Maxwell was shaking his head. His hands clenched the steel rail. “No idea. Some kind of missile.”

A klaxon horn was going off. From the ship’s public address loudspeakers, a voice boomed: “General quarters! General quarters! This is not a drill! All hands man your battle stations!”

“What does that mean?” Claire asked.

“We’re going to combat readiness. Whoever fired that missile may be shooting at the Reagan. He grabbed her arm and hauled her away from the rail. “We’re going belowdecks, down to the ready room.”

From across the water they heard a siren wailing. On the Reagan’s flight deck, the blades of the SAR helicopter, a turbine-powered HH-60 Seahawk, began to rotate. Sailors ran across the deck, donning helmets and vests.

Before they ducked through the door that led onto the enclosed hangar deck, Maxwell stopped to peer out at the harbor. An oily slick was spreading out from where the gig had exploded. Flotsam littered the surface of the channel.

“I can’t believe it,” he murmurred. “They’re gone. Josh, the ambassador, the boat crew, Admiral Mellon.”

Claire began to shake uncontrollably. “We could have gone with them.”

* * *

Even before the debris had finished splashing back into the water, Hassan Fayez was dragging the launcher back toward the open hatch. On the deck lay the three extra missiles that he had not needed. Not yet.

“Move!” he yelled at Yousef. “Get the motor running! We’ll run for the fishing wharf.”

They had lied to him. They had assured him that the wire-guided missile was invisible. They said no one would know where it had come from. Their escape would be easy because it would be hours before anyone understood how the gig had been destroyed.

The instant he launched the missile, he knew they had lied. The ungodly thing looked like a signal flare. Any idiot who happened to be watching the harbor would have seen it, and he would deduce that it had come from the dhow out there in the channel.

Yousef had the diesel motor popping and growling. Even at full throttle the puny engine pushed the dhow through the water like a barge.

The fishing village was their only haven. Once they reached the wharf, they could melt into the throng of boat people. Their dhow looked just like any of a hundred other such vessels. They could abandon it and scramble across the cluttered decks of the boats that were moored to each other. The inhabitants of the floating village could be counted on to feign ignorance when they were questioned. The only loyalty the ancient cult of Gulf sailors had was to each other.

The harbor was buzzing with new traffic. Hassan saw a helicopter lifting from the deck of the aircraft carrier.
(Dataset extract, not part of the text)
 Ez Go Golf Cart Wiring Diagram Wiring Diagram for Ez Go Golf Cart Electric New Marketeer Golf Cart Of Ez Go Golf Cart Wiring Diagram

It was headed toward them. He wished now that he had not been so quick to stow the launcher and the extra rounds. The helicopter would be an easy target.

The helicopter was keeping its distance from the dhow. That was bad, Hassan thought. It meant they had already concluded that he was a threat. They would be summoning help on the radio.
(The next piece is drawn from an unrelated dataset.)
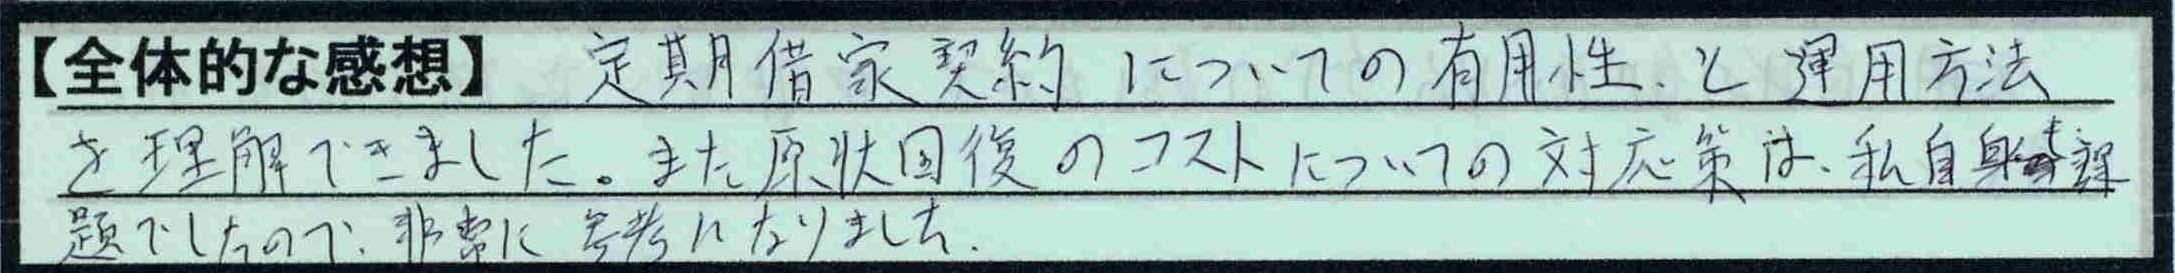 【神奈川県川崎市】【須山弘孝さん】【全体感想】
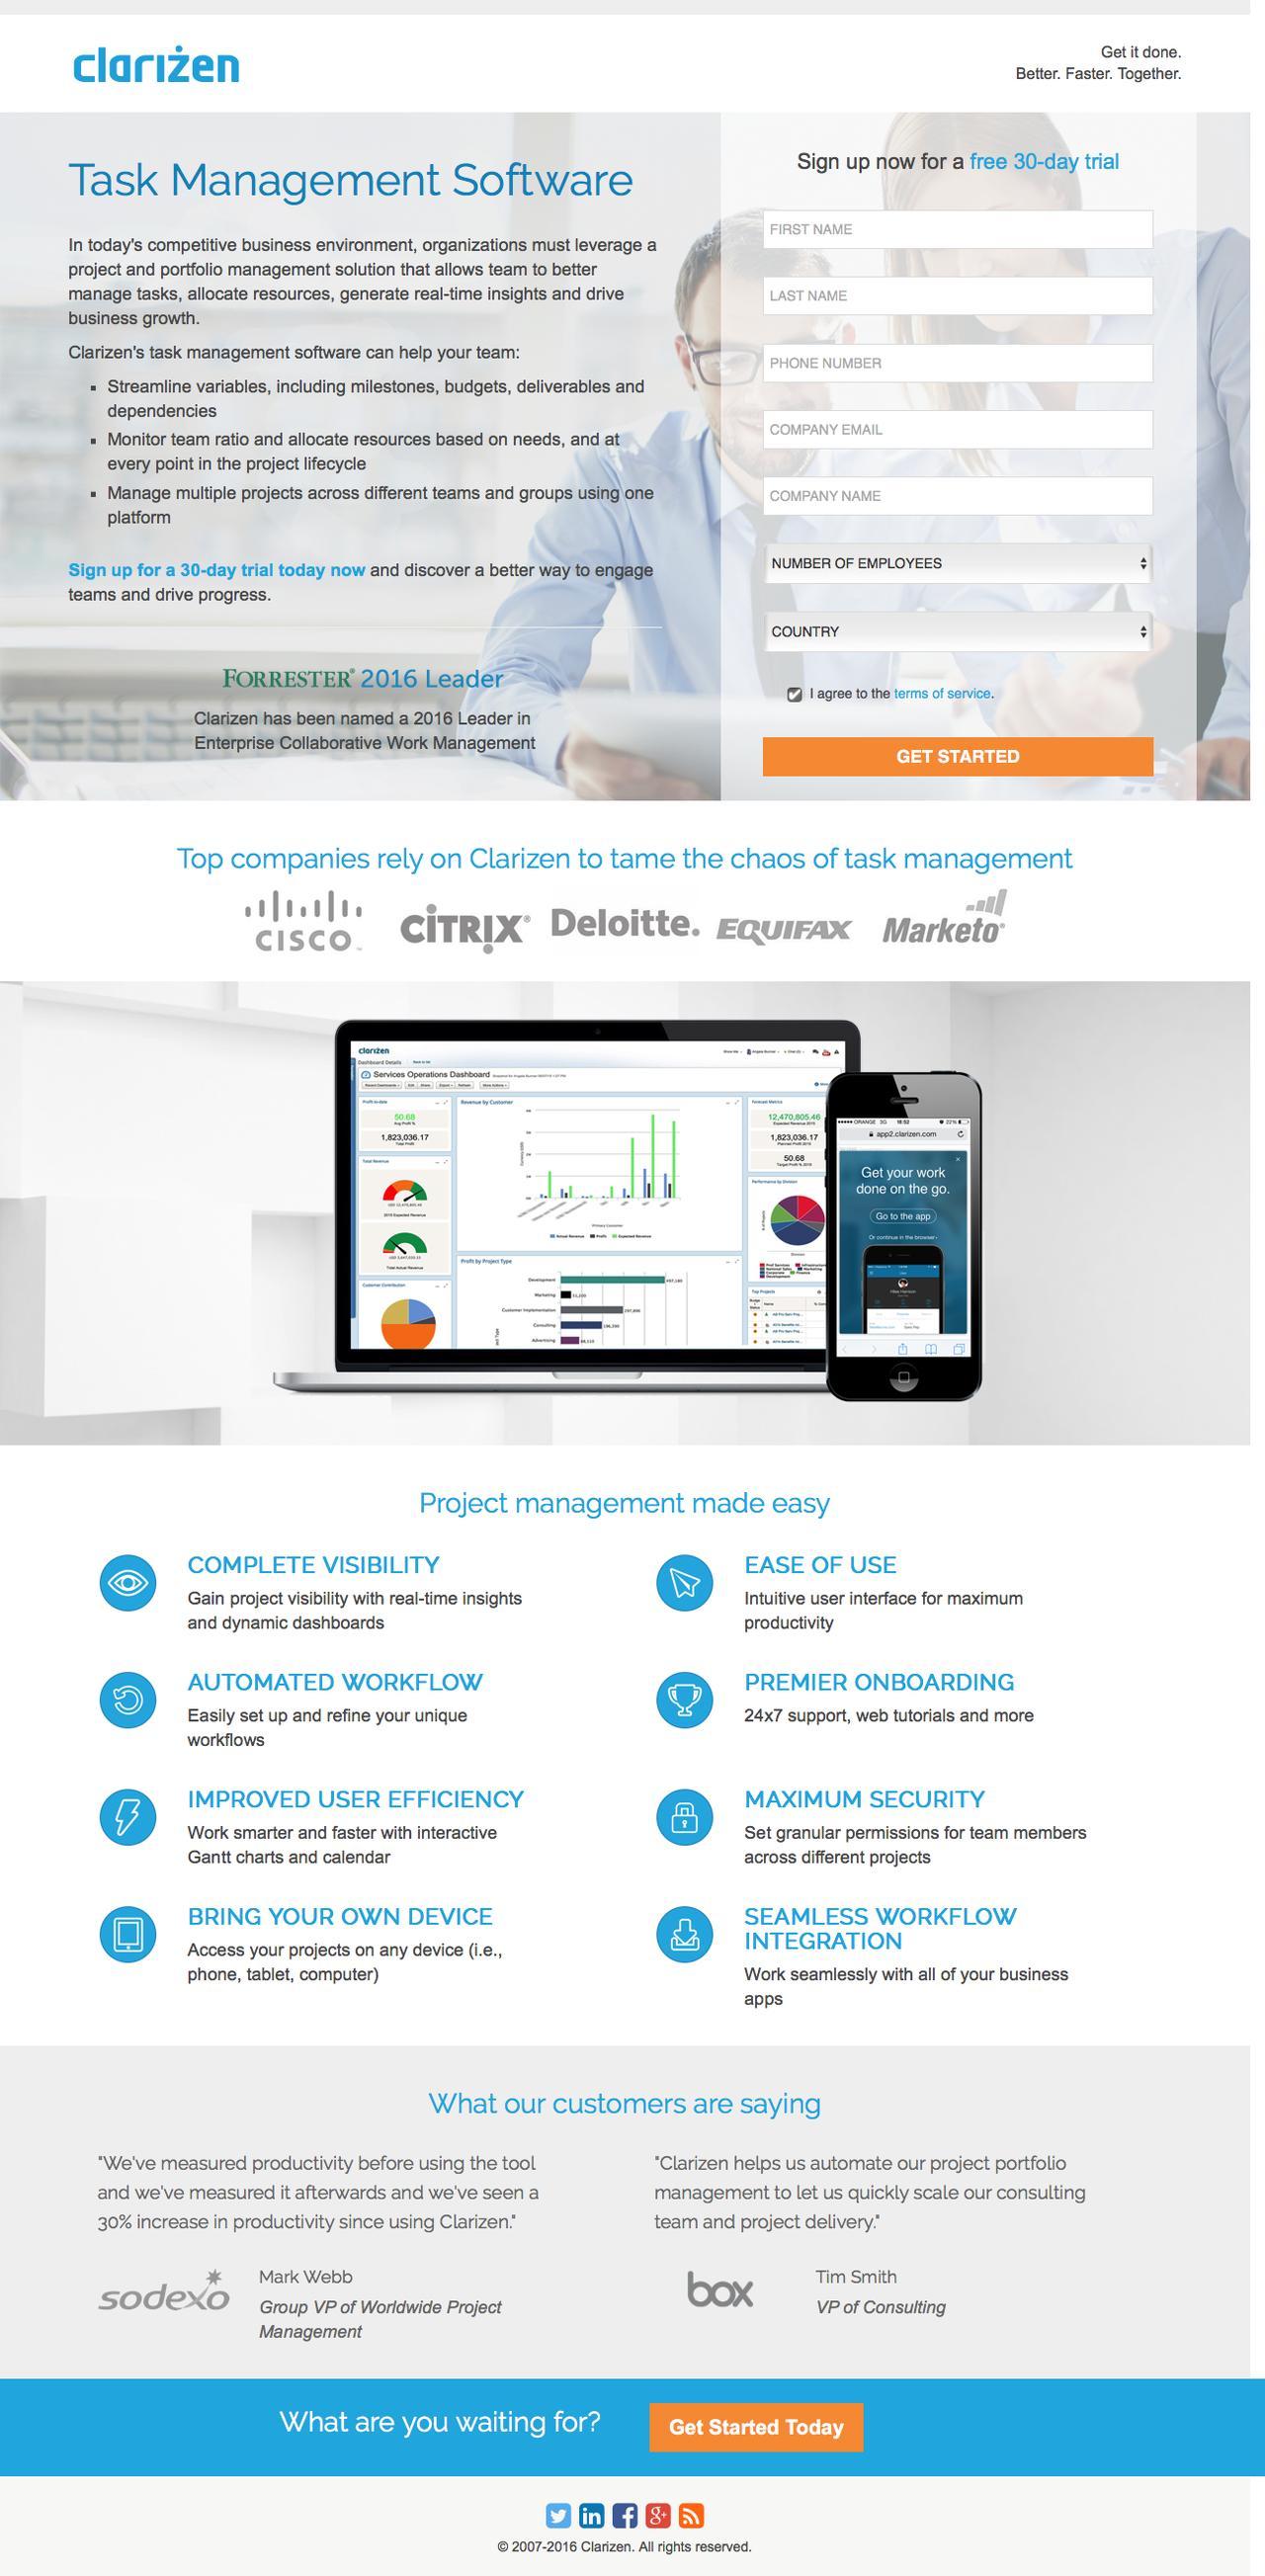 Screenshot of clarizen.com - Task Management Software l Clarizen - captured Nov. 24, 2016

He tried waving to the crew of the helo. They didn’t respond. The helicopter maintained its distance, hovering a hundred yards from the dhow.
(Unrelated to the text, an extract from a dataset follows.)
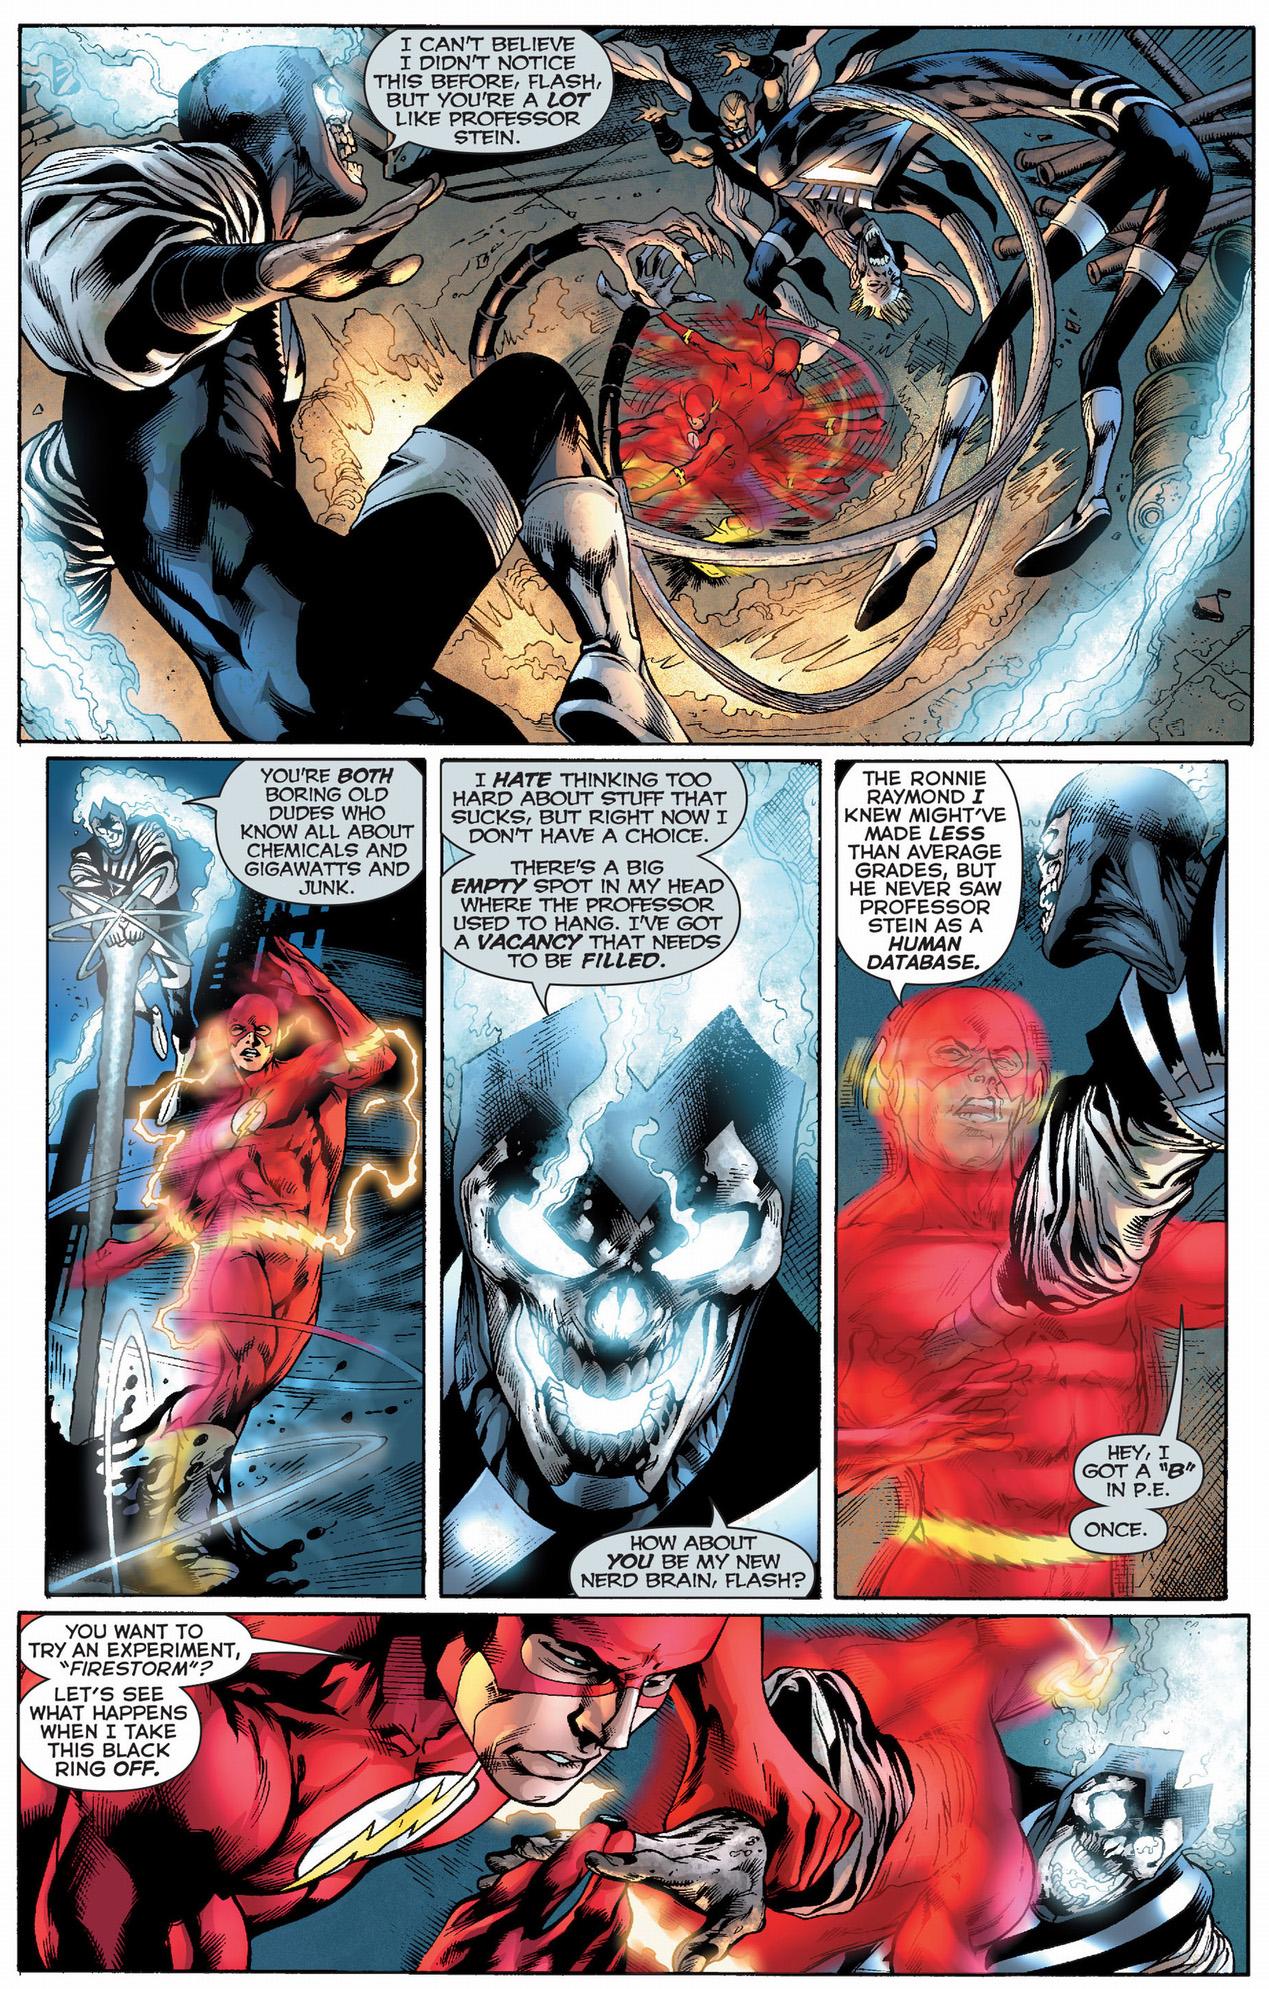 green lantern, the atom and the flash vs black lantern justice league 2

“What will they do?” asked Yousef, standing at the tiller.

“Nothing,” Hassan lied. “They don’t know who we are. We are just fishermen.”

It was then that Hassan saw the boat coming from the shore. A police boat, moving fast, trailing a high rooster tail in its wake. As the boat drew nearer, Hassan saw the machine gun mounted on the bow. A helmeted crewman crouched behind it.